While seniors such as Augenstein and Ogletree will be afforded an extra year by the NCAA to return to school in the fall, it’s unlikely, barring unforeseen events, that either will do so. They have dreams of playing professionally, and despite the PGA Tour schedule being very much in flux at the moment, the expectation right now is that each could turn pro after the Masters (or possibly before if Augusta National follows the USGA’s lead and allows players to use their amateur exemptions as pros) and hope for some starts this winter.
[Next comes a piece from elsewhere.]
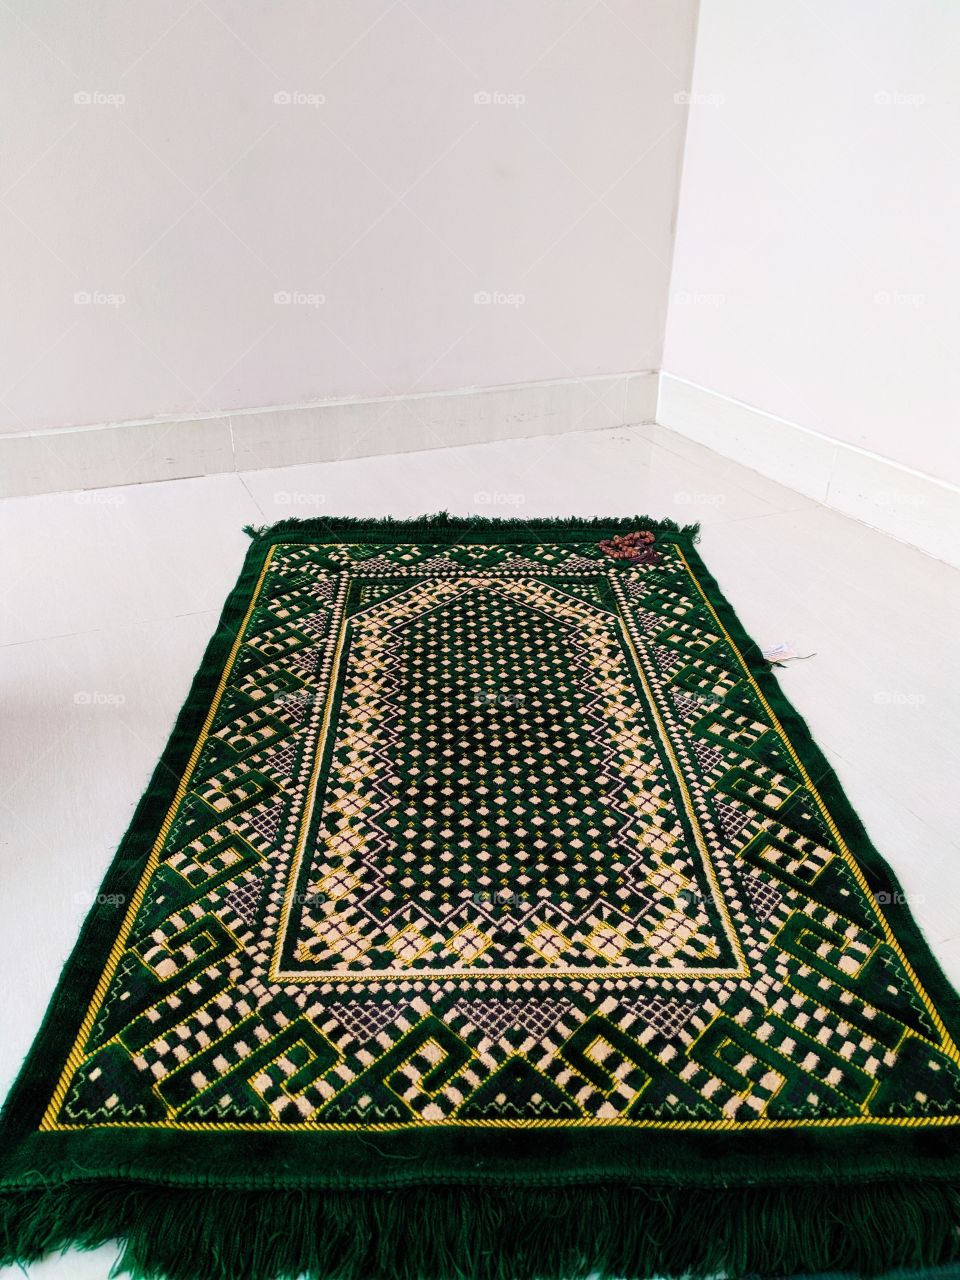 moslem pray in the mosqoe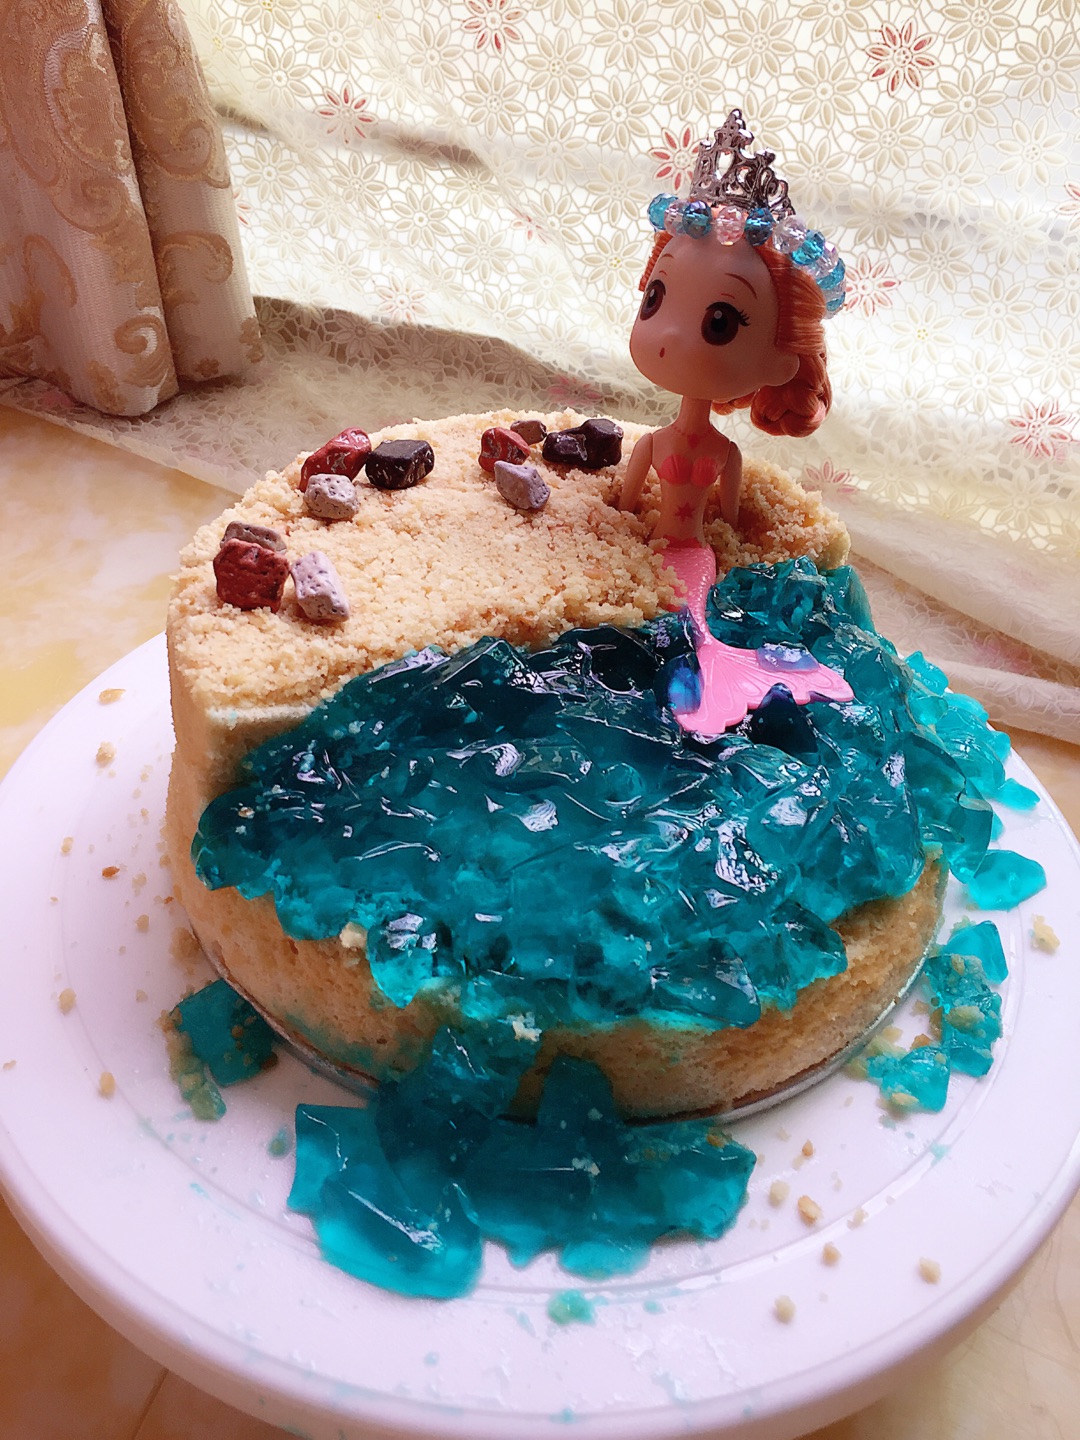 Hippomama's Kitchen 怡。然自得: 公主蛋糕 Princess Birthday Cake

“The goal is to get to the PGA Tour as quickly as possible,” Augenstein said. “What that means for me, the short answer is I really don’t know. These circumstances are unlike anything we’ve ever seen, and that’s one of the hardest parts. Your whole life you have this plan, you’re going to go to college and after four years you’re going to turn pro and hopefully play on the PGA Tour. I was supposed to play in the Masters, compete for a national championship and, though nothing was certain, get some starts on the PGA Tour and get everything going, just according to plan, and that’s all been taken away for the time being.

“It’s just a shock, and I’ve probably never been this down for this extended period of time.”

Each day it gets a little better, though. And soon enough, Augenstein and Ogletree will – hopefully – be at Augusta National, ready to tee it up in a fall Masters, and it will once again be the most perfect time.